The rise of virtualization has also fueled the development of virtual LANs, which enable network administrators to logically group network nodes and partition their networks without a need for major infrastructure changes.
For example, in an office with multiple departments, such as accounting, IT support, and administration, each department’s computers could be logically connected to the same switch but segmented to behave as if they are separate.
The advantages of a LAN are the same as those for any group of devices networked together. The devices can use a single Internet connection, share files with one another, print to shared printers, and be accessed and even controlled by one another.
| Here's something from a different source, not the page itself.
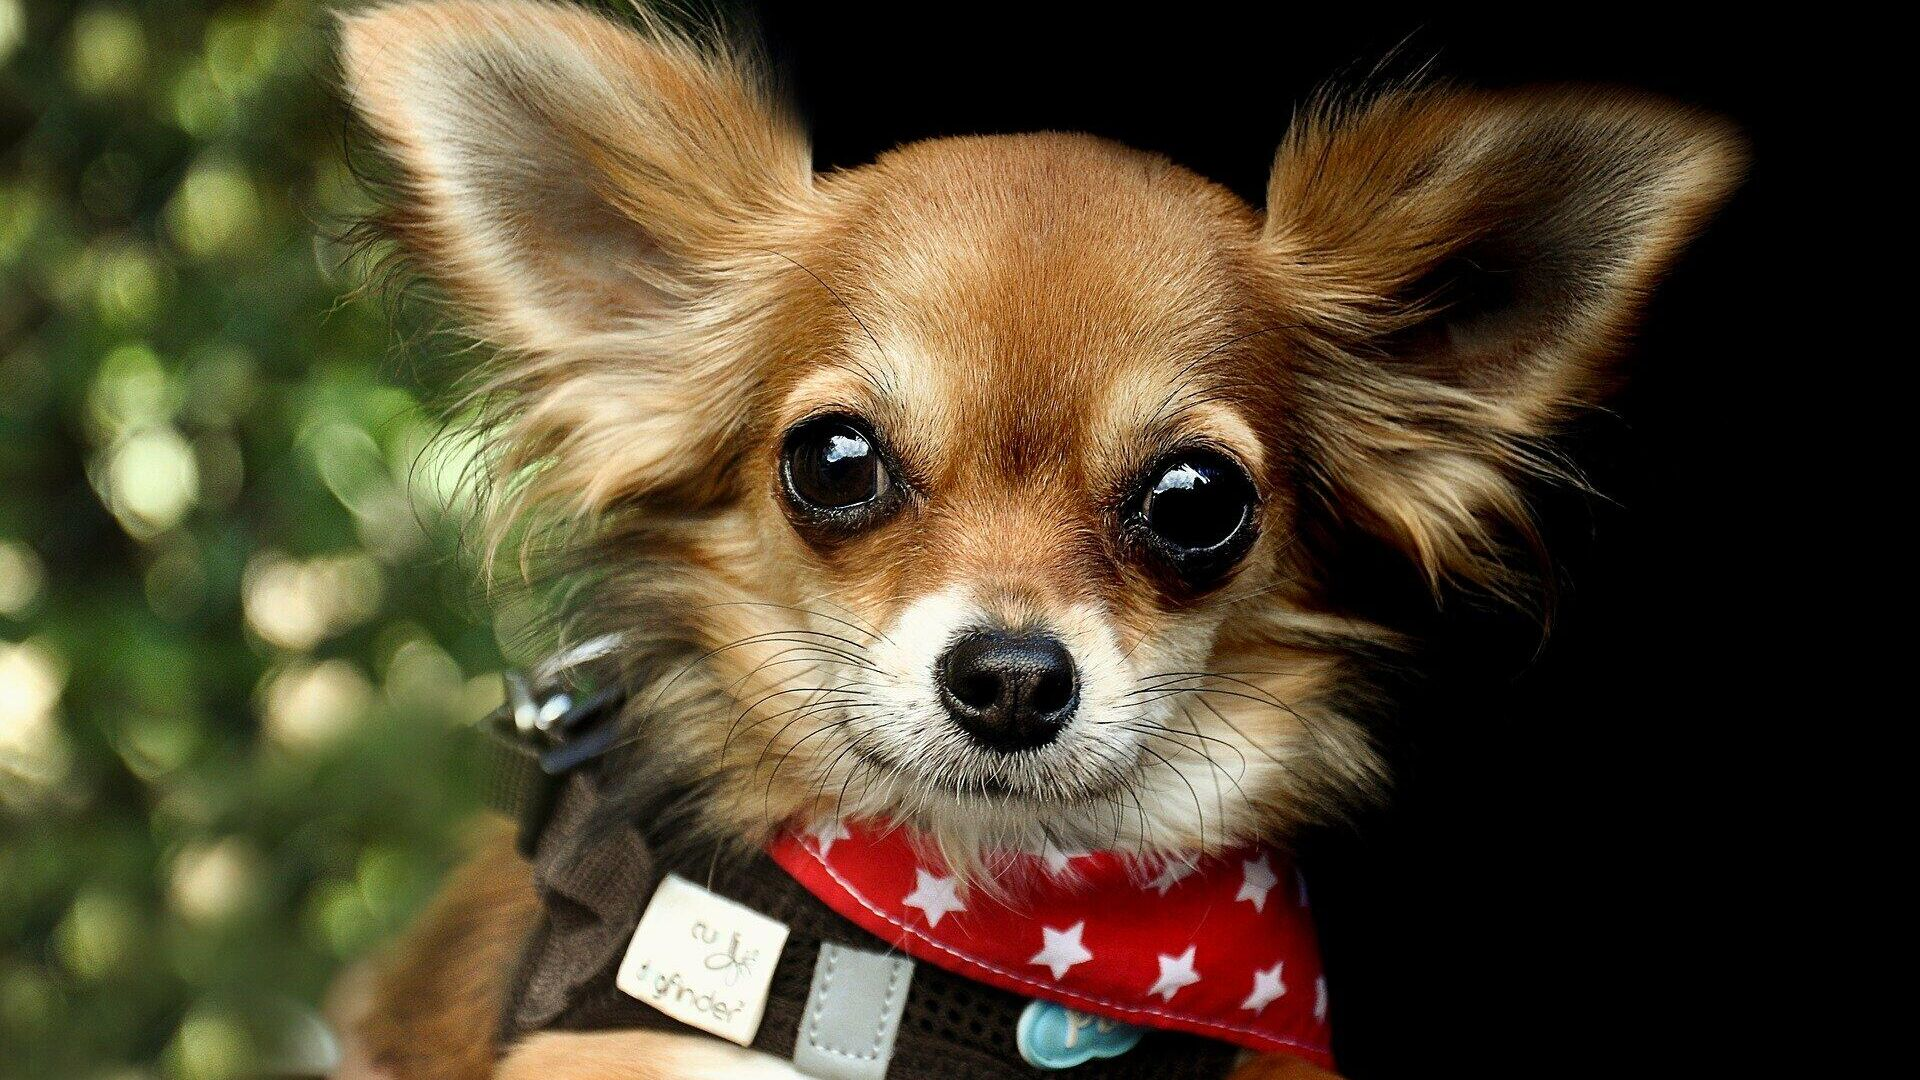 Un perro chihuahua - Sputnik Mundo, 1920, 06.03.2021

LANs were developed in the 1960s for use by colleges, universities, and research facilities (such as NASA), primarily to connect computers to other computers. It wasn’t until the development of Ethernet technology (1973, at Xerox PARC), its commercialization (1980), and its standardization (1983) that LANs started to be used widely.
While the benefits of having devices connected to a network have always been well understood, it wasn’t until the wide deployment of Wi-Fi technology that LANs became commonplace in nearly every type of environment. Today, not only do businesses and schools use LANs, but also restaurants, coffee shops, stores, and homes.
Wireless connectivity has also greatly expanded the types of devices that can be connected to a LAN. Now, nearly everything imaginable can be “connected,” from PCs, printers, and phones to smart TVs, stereos, speakers, lighting, thermostats, window shades, door locks, security cameras–and even coffeemakers, refrigerators, and toys
In general, there are two types of LANs: client/server LANs and peer-to-peer LANs.
A client/server LAN consists of several devices (the clients) connected to a central server. The server manages file storage, application access, device access, and network traffic. A client can be any connected device that runs or accesses applications or the Internet. The clients connect to the server either with cables or through wireless connections.
Typically, suites of applications can be kept on the LAN server. Users can access databases, email, document sharing, printing, and other services through applications running on the LAN server, with read and write access maintained by a network or IT administrator. Most midsize to large business, government, research, and education networks are client/server-based LANs.
A peer-to-peer LAN doesn’t have a central server and cannot handle heavy workloads like a client/server LAN can, and so they’re typically smaller. On a peer-to-peer LAN, each device shares equally in the functioning of the network. The devices share resources and data through wired or wireless connections to a switch or router. Most home networks are peer-to-peer.
There are many different types of LANs, with Ethernets being the most common for PCs. Most Apple Macintosh networks are based on Apple’s AppleTalk network system, which is built into Macintosh computers. The following characteristics differentiate one LAN from another:
Topology: The geometric arrangement of devices on the network. For example, devices can be arranged in a ring or in a straight line.
Protocols: The rules and encoding specifications for sending data. The protocols also determine whether the network uses a peer-to-peer or client/server architecture.
Media: Devices can be connected by twisted-pair wire, coaxial cables, or fiber optic cables. Some networks do without connecting media altogether, communicating instead via radio waves.